(ASSIGNMENT): Copy exactly the lines of the data below that run from the line holding "Deko Hauseingang sommer" through the line holding "Tivoli Б-5 цвет", both ends included.

(DATA UNDER STUDY):
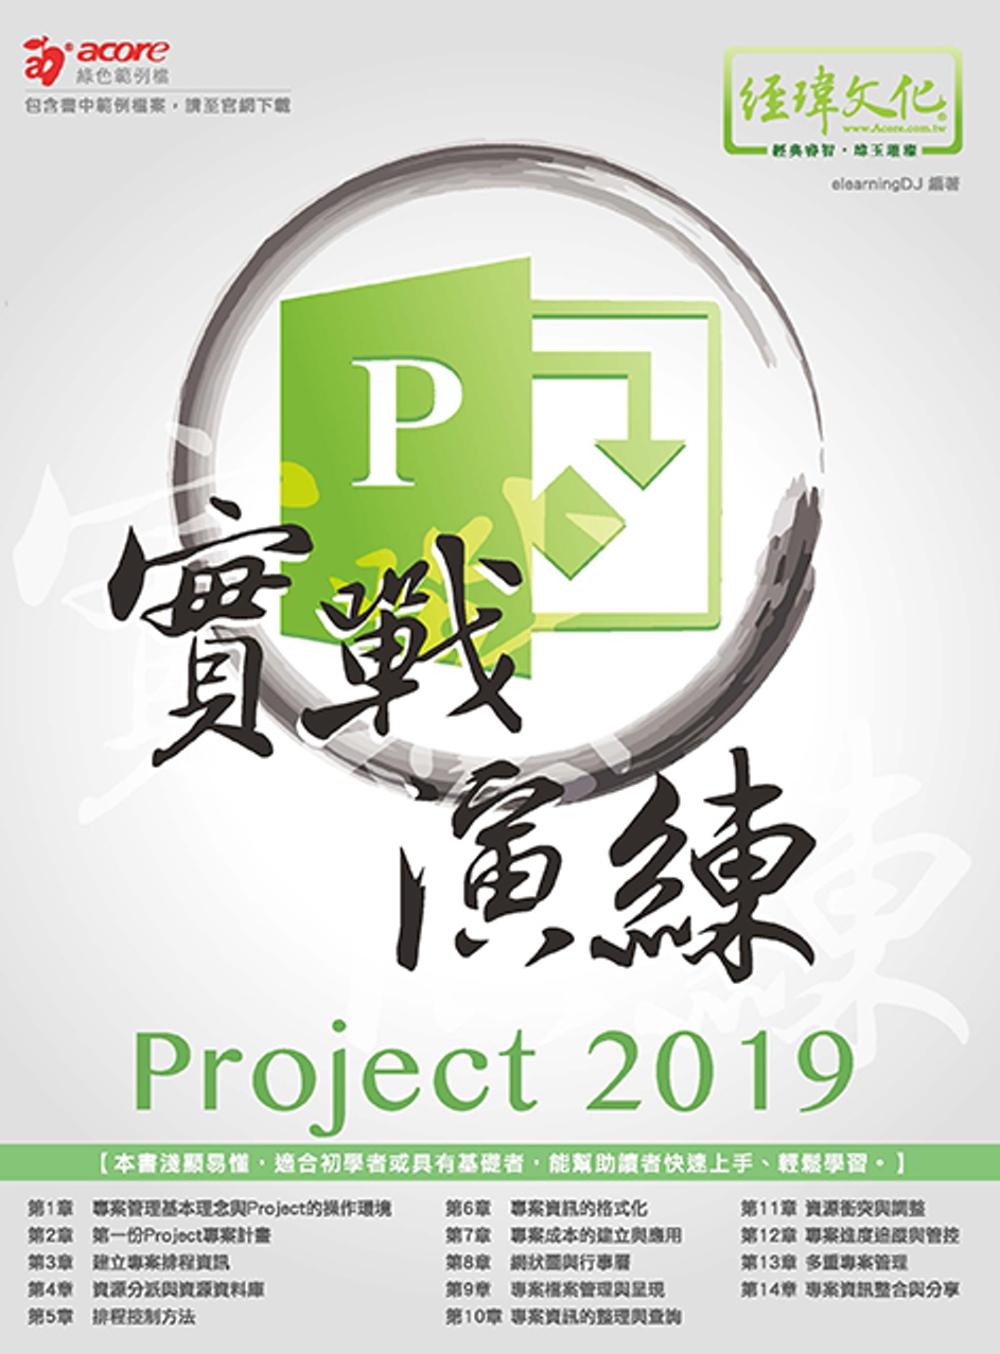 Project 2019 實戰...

* * *

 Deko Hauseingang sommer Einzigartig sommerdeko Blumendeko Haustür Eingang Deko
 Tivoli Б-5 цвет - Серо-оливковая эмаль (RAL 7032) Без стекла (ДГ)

(WRITTEN SOLUTION):
 Deko Hauseingang sommer Einzigartig sommerdeko Blumendeko Haustür Eingang Deko
 Tivoli Б-5 цвет - Серо-оливковая эмаль (RAL 7032) Без стекла (ДГ)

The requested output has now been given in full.